Кроме того, почти все при слове “мутация” первым делом вспоминают об ионизирующем излучении – урановых рудах, атомных реакторах, рентгеновских установках и озоновых дырах, о Чернобыле и Хиросиме. О химических мутагенах помнят гораздо реже – хотя встреча с ними для человека, не имеющего дела по работе с изотопами и рентгеновскими установками, гораздо вероятнее, чем с радиацией. А вопрос о том, могут ли мутации происходить сами по себе, без радиации и мутагенов, поначалу вызывает замешательство – с чего бы это им тогда происходить?
Любителям анекдотов про чернобыльских мутантов будет, вероятно, интересно узнать, что специальные генетико-популяционные исследования полевок, обитающих в зоне отчуждения Чернобыльской АЭС (и даже конкретно в местах массового выпадения радионуклидов), не выявили сколько-нибудь заметного повышения у них частоты мутаций по сравнению с популяциями тех же видов из районов, не затронутых катастрофой. С этим согласуются и данные японских генетиков, обследовавших детей хибакуся (так в Японии называют тех, кто пережил атомную бомбардировку): частота новых мутаций у них оказалась не выше, чем у других японцев, родившихся в те же годы.
В той же Чернобыльской зоне на многих сильно загрязненных радионуклидами участках выросли целые рощи уродливых сосен – низкорослых, со странно укороченными ветками. Казалось бы, вот они – мутанты. Но когда “чернобыльские бонсаи” дали семена, ученые высеяли их на делянку с нормальным радиационным фоном. И из семян “мутантов” выросли обычные молодые сосенки. Уродство деревьев-родителей оказалось не мутацией, а морфозом: радиация грубо нарушила у них процессы индивидуального развития и формообразования, но практически никак не повлияла на их гены.
Откуда же взялось всеобщее убеждение в том, что радиация – главная и чуть ли не единственная причина мутаций? Косвенно виноват в этом замечательный американский генетик Герман Мёллер. Именно он в 1927 году впервые в мире показал возможность искусственного мутагенеза, использовав для этого рентгеновские лучи. Объектом в этих опытах служило любимейшее существо генетиков того времени – плодовая мушка дрозофила.
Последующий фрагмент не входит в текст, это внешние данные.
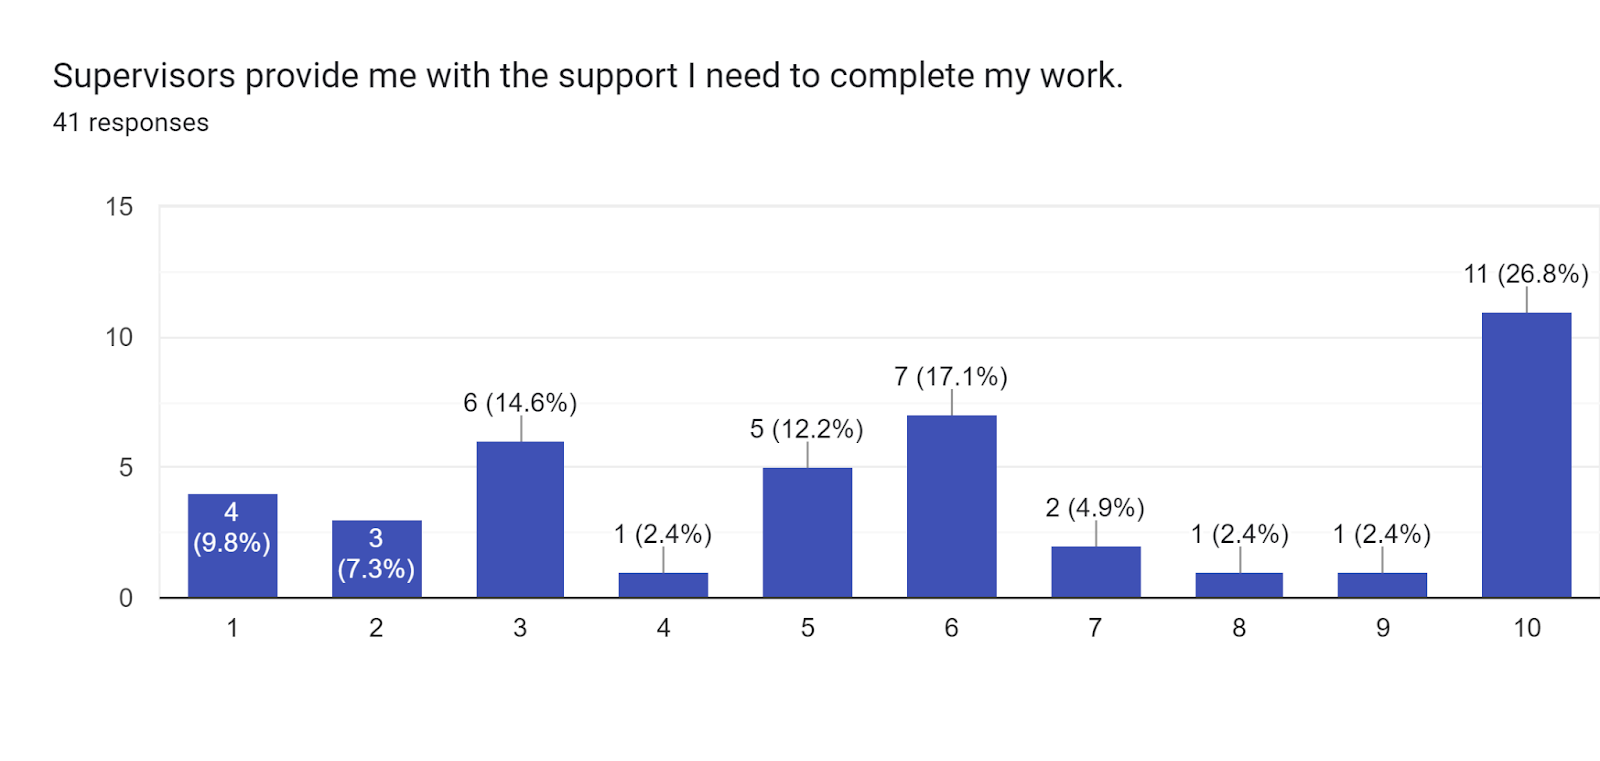 Forms response chart. Question title: Supervisors provide me with the support I need to complete my work.. Number of responses: 41 responses.
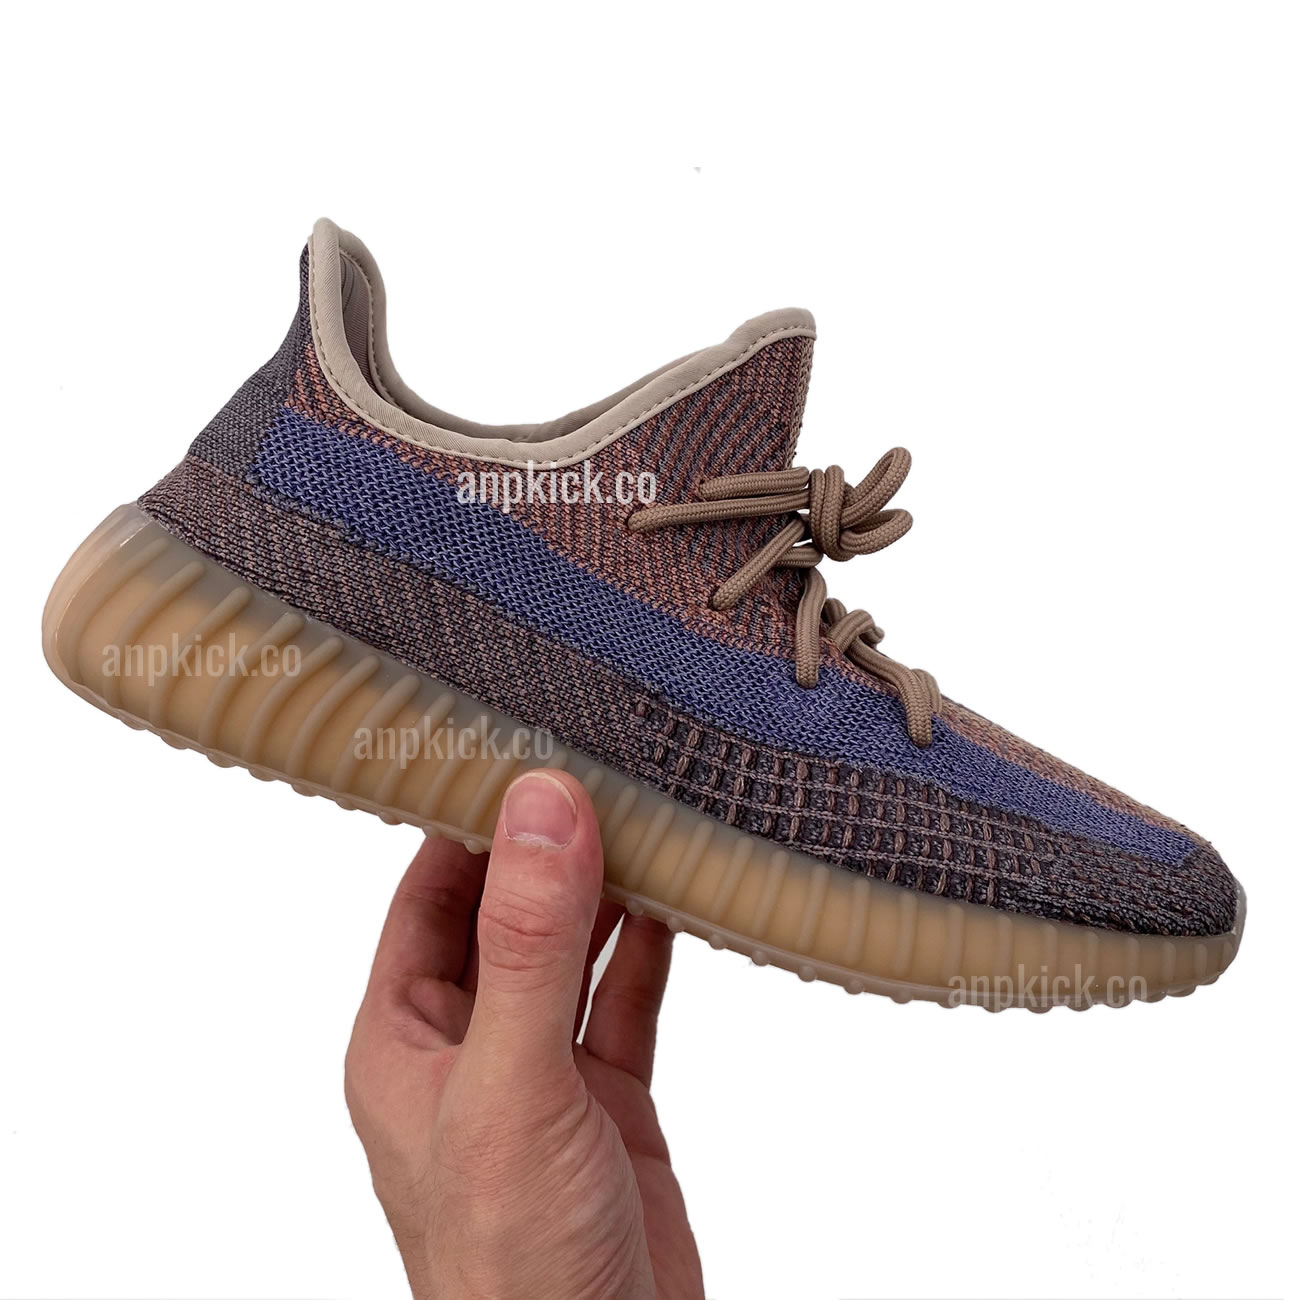 Adidas Yeezy Boost 350 V2 Yecher Ho2795 New Release Date First Look (11) - www.newkick.org

Именно из-за ее необычайной популярности у коллег Мёллер ее и выбрал: генетику дрозофилы к тому времени уже неплохо изучили, и можно было воспользоваться уже выведенными чистыми линиями (группами организмов, внутри которых отсутствует генетическое разнообразие по одному, нескольким или вообще всем признакам), в которых гораздо легче выявлять вновь возникшие мутации. Впоследствии мутагенное действие всех разновидностей ионизирующего излучения подтвердили на дрожжах и других представителях царства грибов, на бактериях и иных организмах, а также на культурах клеток.
Почему же тогда этот эффект не обнаруживается у полевок, сосен и людей? Во-первых, разные виды излучения обладают разной проникающей способностью. Мёллер использовал рентгеновские лучи, хорошо проникающие даже сквозь значительную толщу биологических тканей. К тому же у дрозофил толщина всех тканей, отделяющих половые клетки от внешней среды, составляет доли миллиметра, и рентгеновские кванты проникают к ним практически беспрепятственно. Тем более это справедливо для микроорганизмов и клеточных культур, где между лучом и клеткой-мишенью нет вообще никаких экранов.
Примерно такой же проникающей способностью обладает гамма-излучение, сходное по природе с рентгеновским: и то и другое представляет собой поток высокоэнергетических электромагнитных волн, только у гамма-лучей энергия (а значит, и разрушительное действие) каждого кванта еще выше. А вот у других видов радиации проникающая способность гораздо ниже. Альфа-частицы (ядра гелия) даже в воздухе летят недалеко, в плотных же средах (в том числе в живых тканях) их проникающая способность измеряется микронами. Бета-частицы (электроны, образовавшиеся в ходе ядерных реакций) проникают в живую ткань на несколько миллиметров. Оба типа частиц полностью поглощаются одеждой. Даже нейтроны, слабо взаимодействующие с веществом из-за своей электрической нейтральности, в тканях пробегают лишь сантиметры.
Таким образом, в природных условиях реальный шанс подействовать непосредственно на половые клетки организмов размером хотя бы с полевку имеет только гамма-излучение (рентгеновские лучи в земных условиях существуют только в сконструированных человеком аппаратах). Это излучение возникает лишь в ходе ядерных реакций. В местах обитания живых организмов такой реакцией может быть только распад того или иного радионуклида – практически всегда сопровождающийся испусканием альфа- или бета-частиц или/и осколков ядер. Поскольку разрушительное действие всех этих видов излучения на незащищенные ткани гораздо сильнее, чем у гамма-лучей, организм, попавший под такой “обстрел из всех калибров” (будь то при ядерном взрыве, выбросе на АЭС или естественном выносе на поверхность пород, содержащих радиоактивные элементы), скорее всего, погибнет от рака кожи или даже лучевой болезни раньше, чем его половые клетки получат дозу гамма-лучей, достаточную для существенного повышения числа мутаций в них. Этим, вероятно, и объясняется парадоксальная невосприимчивость геномов разнообразных (но достаточно крупных) организмов к радиационному воздействию.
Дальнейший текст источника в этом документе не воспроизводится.